How or where do I even begin to write about something that doesn't even seem possible. I have tried to process it a million times, but it never makes sense and there's no clarity found. So many questions I ask myself over and over. Hoping somehow I'll figure out the answers. I play the day I heard the news over and over again in my head trying to make sure it really happened. It can't be. Not him. It would never be him.
The you I knew was the light of every room you stepped into. You were the rock when I was weak. You were my out-of-tune singing partner that didn't care if the world watched as he danced around. You were the guy that snorted so loud every time he laughed, it made everyone else laugh. I can still hear it.
I know over the years we got busy and life drifted us apart, but I was always cheering you on from afar.
I should have said something.
The memories we have together keep flooding back. You're everywhere. In a song, in a show, in clothes, in logos. Things I saw a hundred times since the last time we spoke that never failed to make me think of you.
I should have said something.
Would it have changed anything ?
The “what ifs” race through my head all day. I'm sorry I didn't say it to you more, but I was so proud of you. I'm sorry that while you kept everyone strong you were fighting your own battle alone, not to burden anyone I'm sure. I'm sorry that I didn't do a good enough job in telling you just how much you mattered to me and how much you truly impacted my life for years. I'm sorry that I took you for granted thinking you'd always be there when I needed you, but wasn't there when you needed me. I'm sorry I let time pass without making an effort.
I'm sorry.
I know the I'm sorry's can't fix anything now, and if I had the chance to say anything to you, it wouldn't be I'm sorry.
I'd say thank you. Thank you for making me laugh so hard my stomach hurt. Thank you for those amazing hugs after the worst day. Thank you for just being there- no talking, just laying in bed as a comfort holding the pieces of my brokenness together. Thank you for never turning down being my shot gun rider for trips home. Thank you for constantly making fun of me. Thank you for shrugging off my bad days and attitude (but let's be real your attitude was something else, too.) Thank you for never failing to make me feel loved, beautiful, and worthy. Thank you for your sappy birthday posts. Thank you for spending hours crying over shows with me we were too emotionally attached to. Thank you for filling my car with awful singing and bad dance moves. Thank you for completely changing my life.
And finally, I'd tell you how much I truly love you. How much I need you. How much everyone has praised the man you were. I'd tell you that I hate this world without you because it's feels smaller somehow.

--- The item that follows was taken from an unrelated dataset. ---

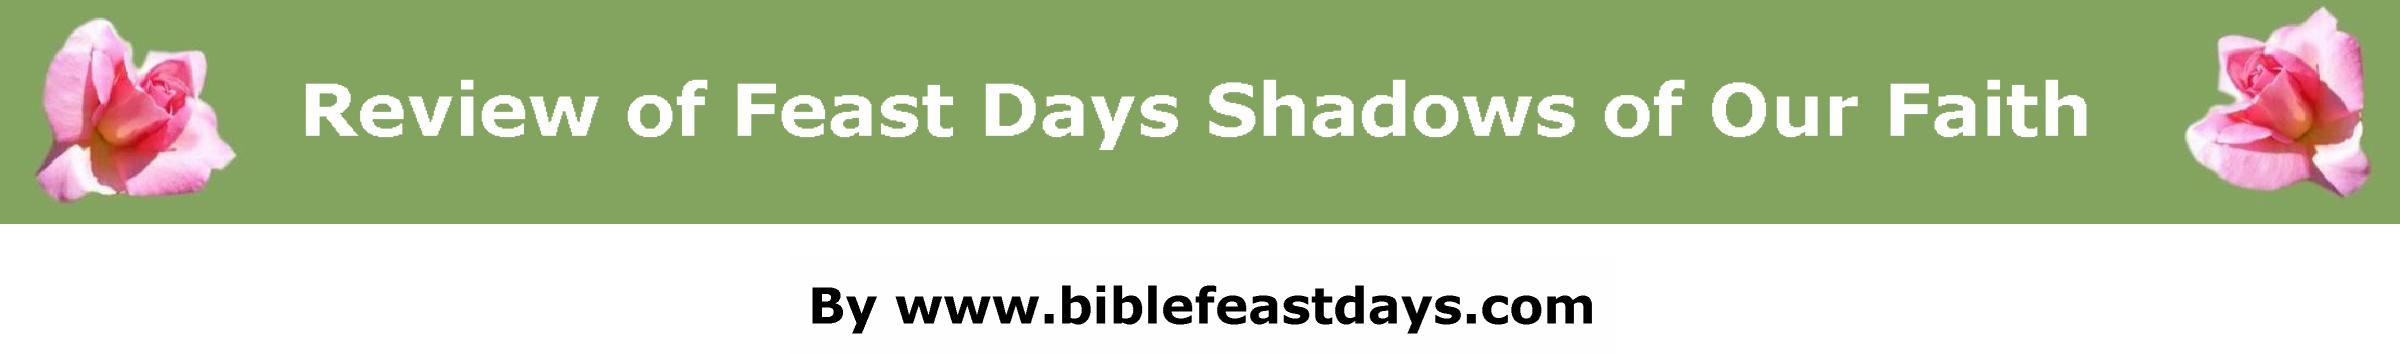 Review of Feast Days Shadows of Our Faith

The pain is heavy. In one moments' relief I try to breath, but it falls right back on me again. It's like a never ending bad dream and I wish I could wake up. Wishing and if only's have no power here, but God does. I pray daily that you found peace. I pray that your family is surrounded by God's love and comfort. When nothing else makes sense, I know God is faithful. There are a thousand questions I have. But the only answer I have is: God is faithful. He is greater than my best days, and patient in my worst. He gives a peace that I can't understand, but it surrounds me and soothes me when I have lost all control.
You're always in my heart.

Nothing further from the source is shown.